I was on the 10th day of this long study leave – that we got before we had our last exam – when the news broke out about how the same will be postponed to a date that was still undecided.

Strangely, in the latter half of the final year of high school, no matter how much you might have loathed your school life at one point, you still develop a sweet spot for the same. You wish school hadn’t ended that soon.

But, with CBSE keeping you in the dark about your own future and the long wait that comes with it I’m sure is not your ideal way to spend the last few days of your so called school life.

From how I perceived it, my life had basically come to a standstill. I didn’t feel the need to attend to my chapters for an exam that I didn't even know was going to commence in the first place.

Because, for all I knew, there was always some talk about our internal assessment marks to be substituting our final scores in the report card.

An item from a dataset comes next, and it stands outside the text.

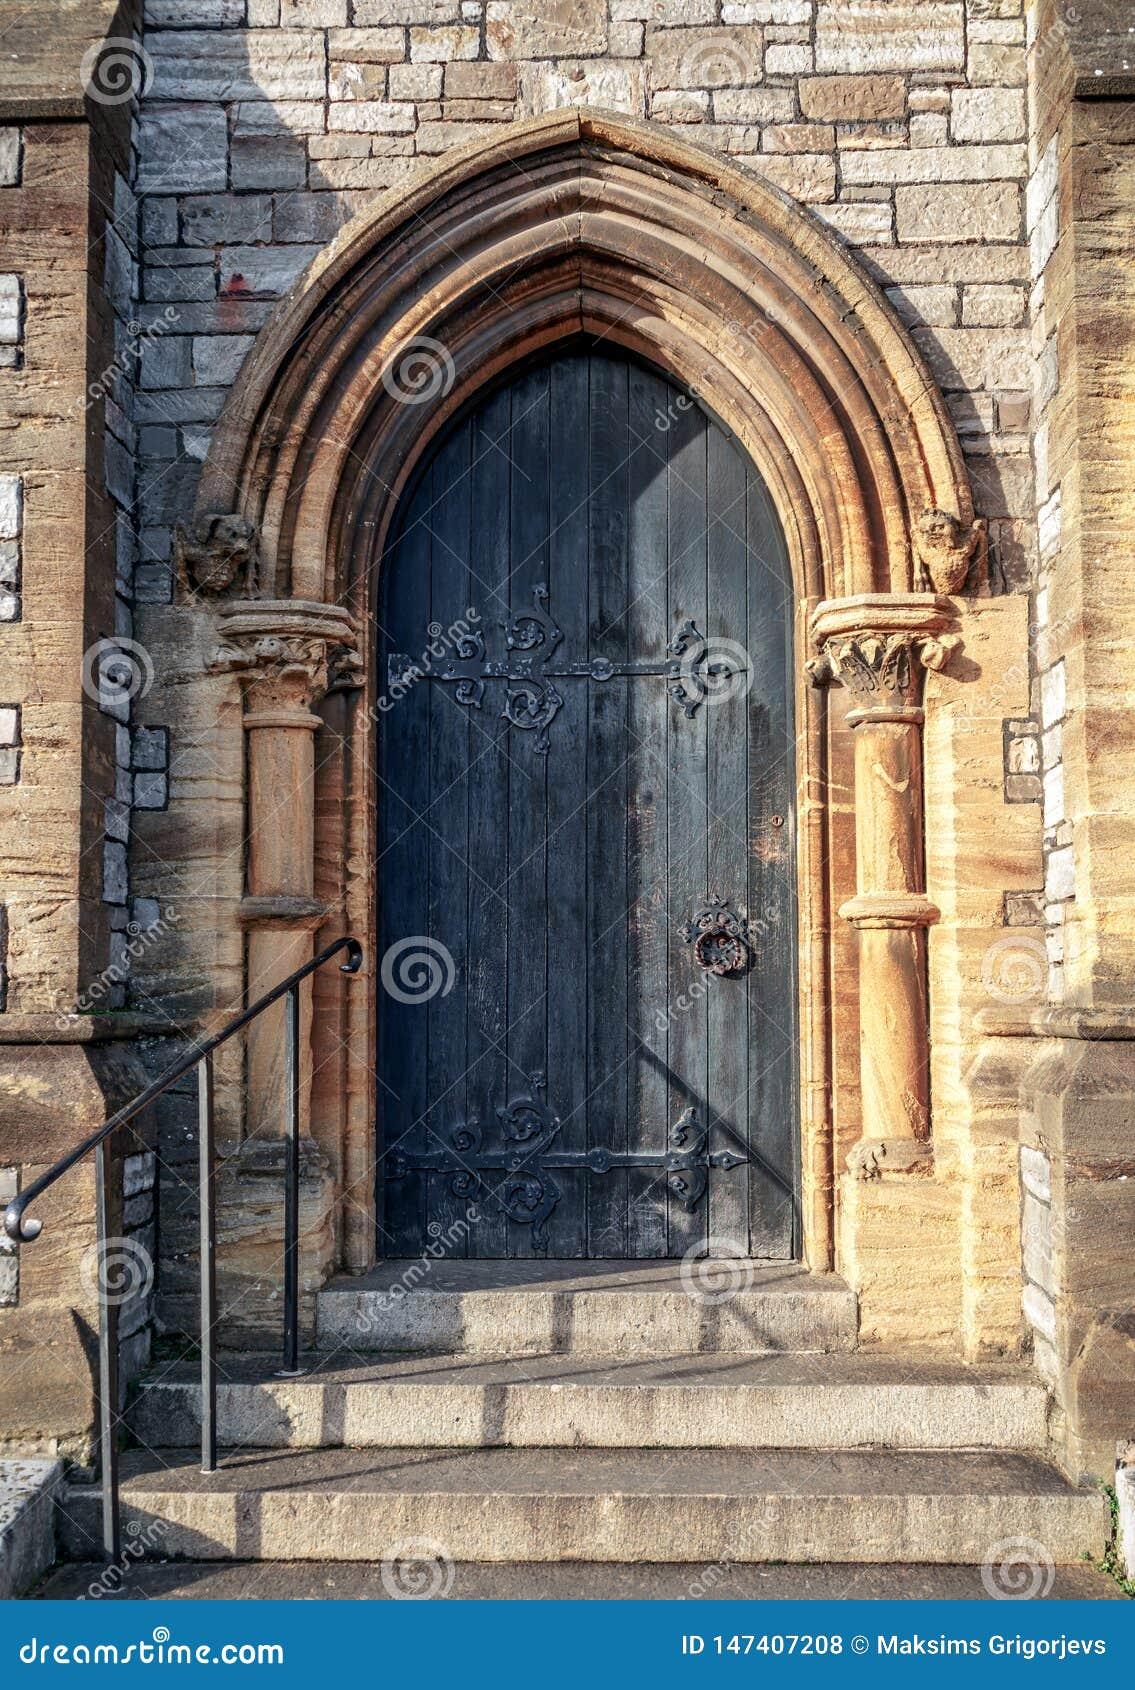 W g?r? tradycyjnego gothic ?redniowiecznego drewnianego wej?ciowego drzwi sposobu z antycznym ceglanym ?ukiem

By the month of May, when my juniors were directly promoted without having the need to sit for an exam and started with their online classes, I would still wonder as to what answer do I give to my relatives when they inquire about which class I’m in.

I was definitely not in Class 12 when a batch lower to me was studying the same course as me and neither was I looking out for colleges. The latter reminds me of how we all must have planned out this entire road map about which colleges we’d apply for and the cities that we’d eventually move to.

To say that we were off the course in the said roadmap would be an understatement when we didn’t even know what the future held for us.

Ukulele on YouTube: How I Kept Going

It felt like years since I last saw my friends. What we planned to be small meetups at cafes had then changed into virtual meetings.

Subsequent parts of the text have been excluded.